Supplied information:
┄┄┄┄┄┄┄┄┄┄

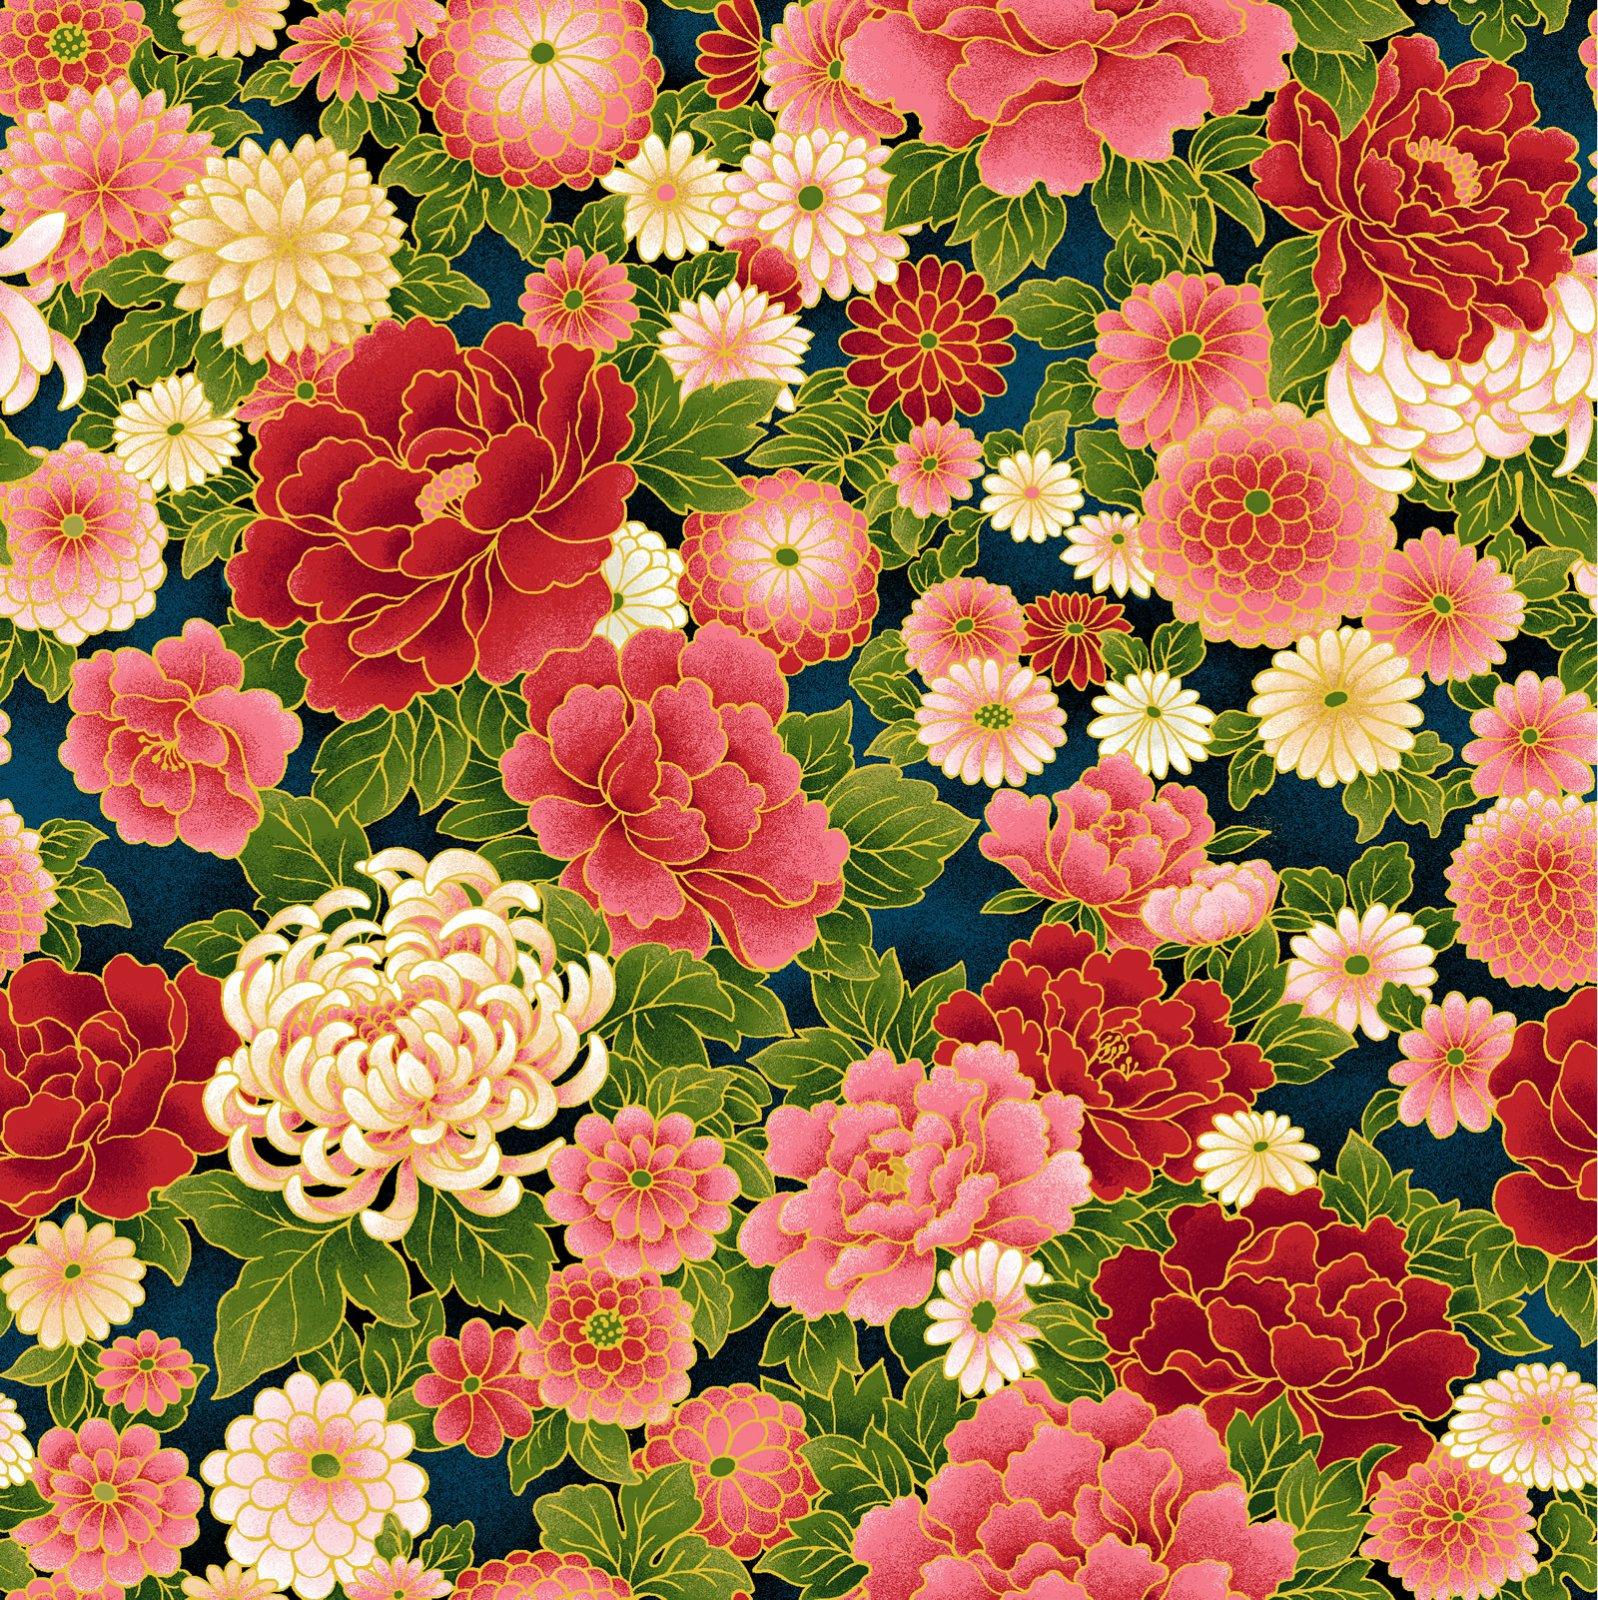 Wind Song by Oasis Fabrics (DA6026501)
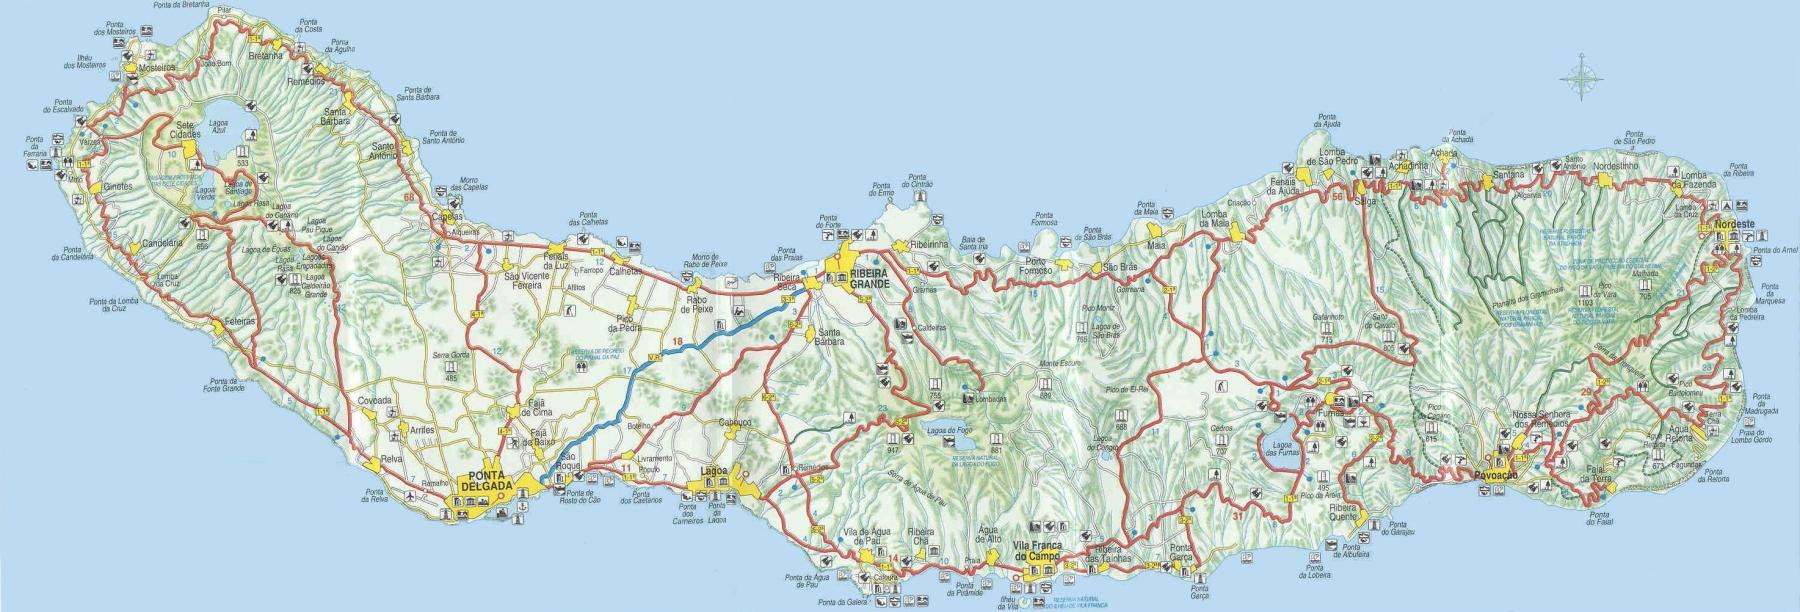 mapa sao miguel SwissEduc   Stromboli online   Azores mapa sao miguel
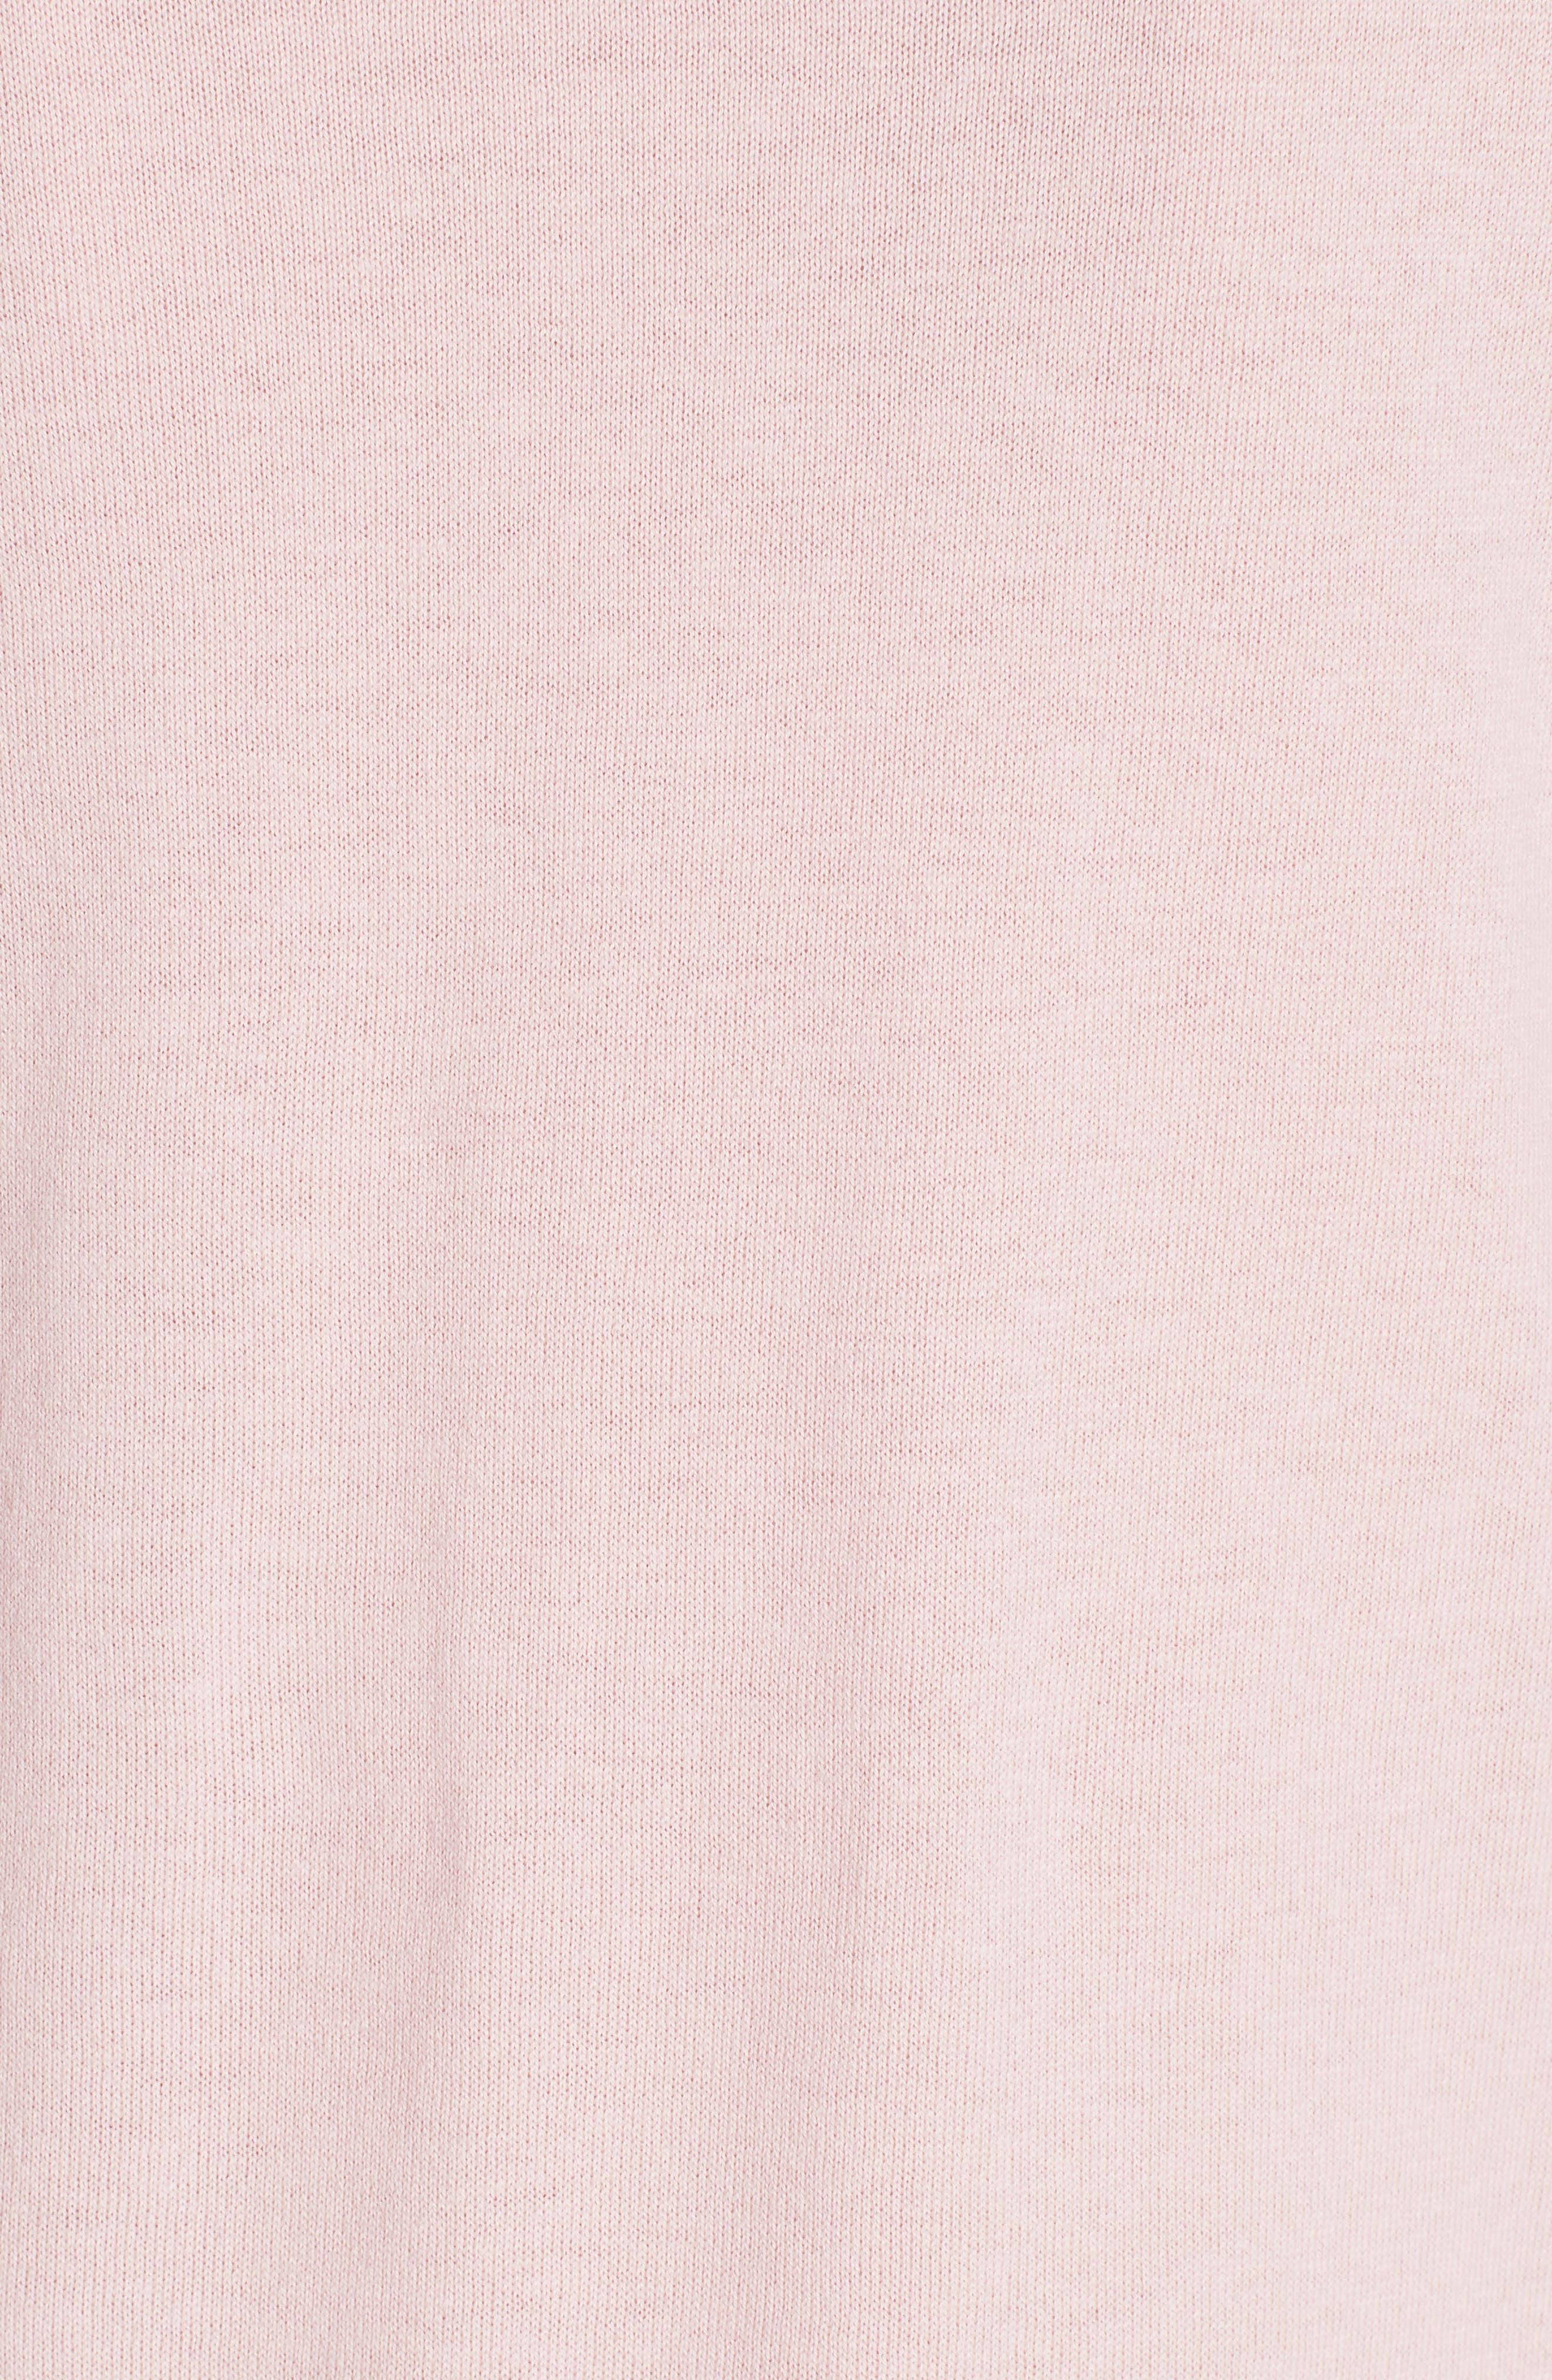 Nansea Floral Collar Tiered Hem Sweater,                             Alternate thumbnail 5, color,                             PINK

┄┄┄┄┄┄┄┄┄┄

Your task: For this exercise, transcribe the data exactly but without its pictures.

Solution for this problem:
 Wind Song by Oasis Fabrics (DA6026501)
 mapa sao miguel SwissEduc   Stromboli online   Azores mapa sao miguel
 Nansea Floral Collar Tiered Hem Sweater,                             Alternate thumbnail 5, color,                             PINK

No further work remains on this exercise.